Thoughts on Hortonworks DataPlane and Cloudera SDX edit  

So I’ve spent most of this week reviewing and making some minor refreshes to our Hortonworks and Cloudera information, and taking a further look at Hortonworks DataPlane Service and Cloudera SDX.

Firstly, let’s review what I said in The Mid Week News - 27/09/2017:

The big news this week is the simultaneous big product announcements from Hortonworks and Cloudera that look like they might be similar capabilities, but I think are probably trying to solve subtly different problems - we’ll revisit these in a few weeks once there’s more information available and do some technology summaries.

Cloudera SDX (Shared Data Experience, coming in CDH 5.13) appears to be trying to enable the “one” data platform experience that you get with an on premesis CDH cluster in the cloud, specifically a persistent shared storage layer with shared metadata, security and governance and a range of workloads on top. That looks different in the cloud - you probably don’t want a persistent Cloudera cluster that you’re paying for by the hour even if you’re not using it - so SDX gives you a shared storage layer using cloud object storage, a shared metadata and management layer, and then the ability to run compute workloads in isolated transient workload clusters managed through Cloudera Altus. The original sales pitch of a single shared Hadoop data platform re-imagined for the cloud. More details via a Cloudera VISION blog post and a Cloudera Engineering blog post

Hortonworks Data Plane is again all about shared metadata, security and data management, but this time across a range of different data platforms - Hadoop, relational databases and your EDW, either on-premesis or in the cloud, and for data in motion or at rest. It’s open source, extensible for adding new services, with data lifecycle management being first up, allowing you to replicate, backup & restore and tier your data across your data platforms. It’s another cloud service (because obviously), and they talk about it as a Global Data Management Platform. More details via a Hortonworks blog post

With Cloudera SDX, CDH 5.13 has come and gone, and there’s almost no new information about SDX. The 5.13 announcement name checks SDX as the “SDX Cloud Reference Architecture”, which I think probably sums up what it is as much as anything, especially given there’s absolutely no reference to SDX in the Cloudera documentation, and there’s nothing on their site beyond the product page and two blog posts linked above. It feels like this is Cloudera pushing the traditional Hadoop one platform, lots of different workloads message, but now applying it to the cloud as well.

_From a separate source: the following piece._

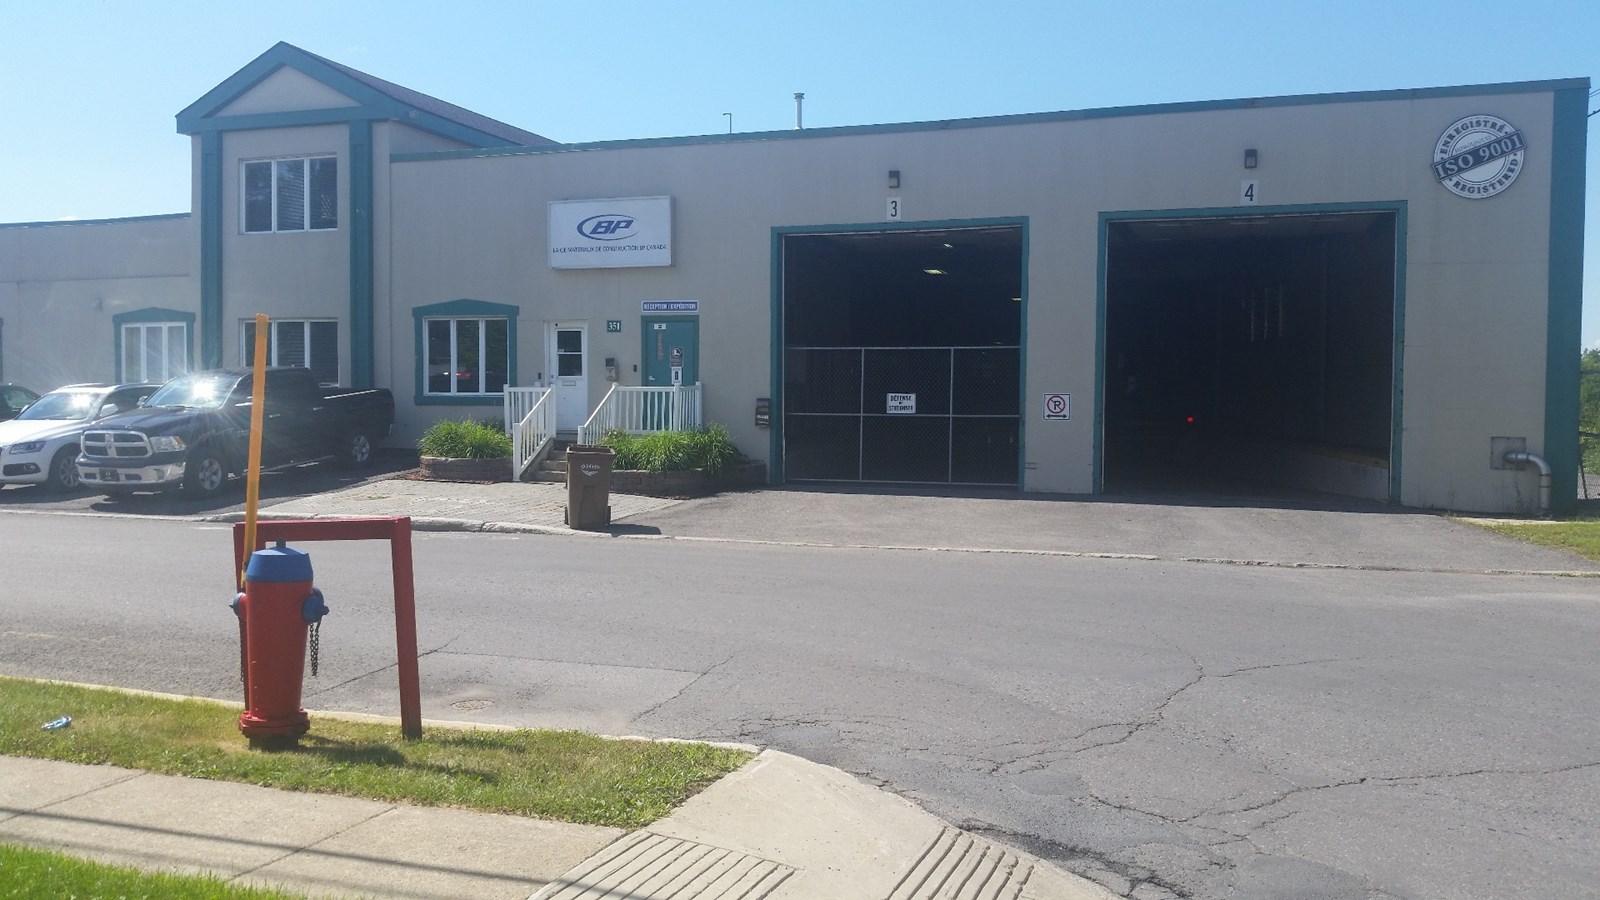 L 39 usine mat riaux de construction bp ferme ses portes le journal de jol - Materiaux de construction innovants ...
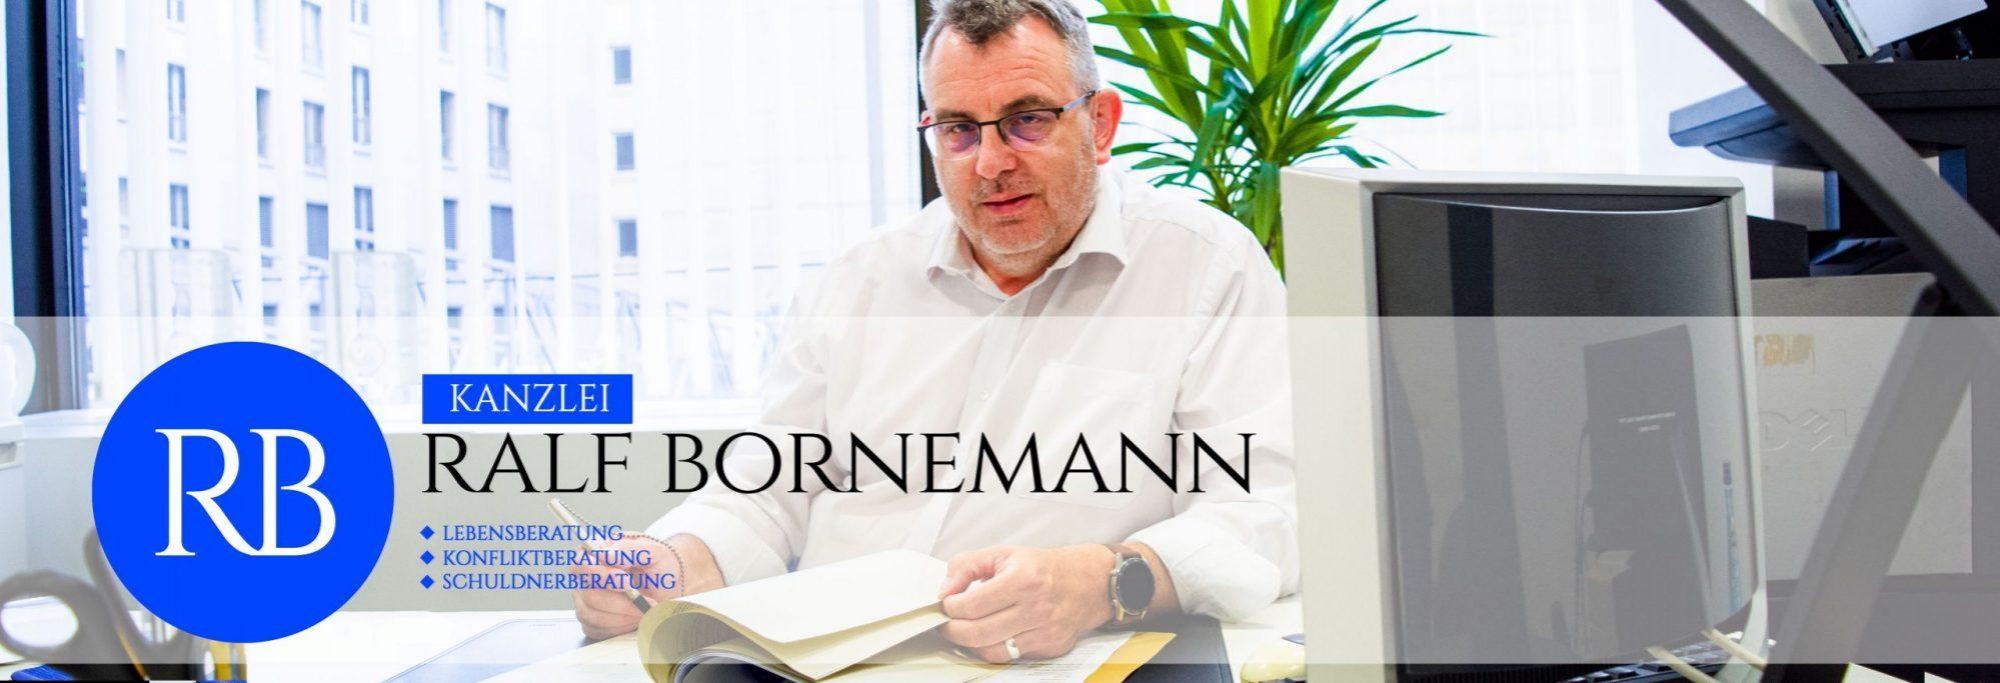 Kanzlei Ralf Bornemann | Schuldnerberatung Konfliktberatung

Hortonworks on the other hand seem to be heading in a slightly different direction with the new Hortonworks DataPlane Service. The premise for this is that it becomes a single place to understand, manage and govern all the data your enterprise holds, wherever it may be - it’s a big ask, but it feels like there’s value there. Saying that it’s early days for this product is an understatement - it’s now had it’s first generally available release (see this post) and there’s a big pile of documentation on the Hortonworks site, but the functionality at the moment is pretty limited, and there’s no visibility yet of plugin services coming from any of the Hortonworks partners. And this is an interesting change for Hortonworks, in that this is a commercial managed service offering and not open source software (although there’s no public sign up process yet and the documentation talks about how to install it), and it only works with Ambari managed clusters and you have to have a SmartSense ID. Which makes you wonder whether this a response to challenges in generating revenue from support and consultancy from fully open source software. It will also be interesting to see how this will impact Atlas and Ranger - you could easily see a world where a lot of the end user functionality in these products migrates into the DataPlane service. One to watch I think - it’ll be interesting to see where this goes.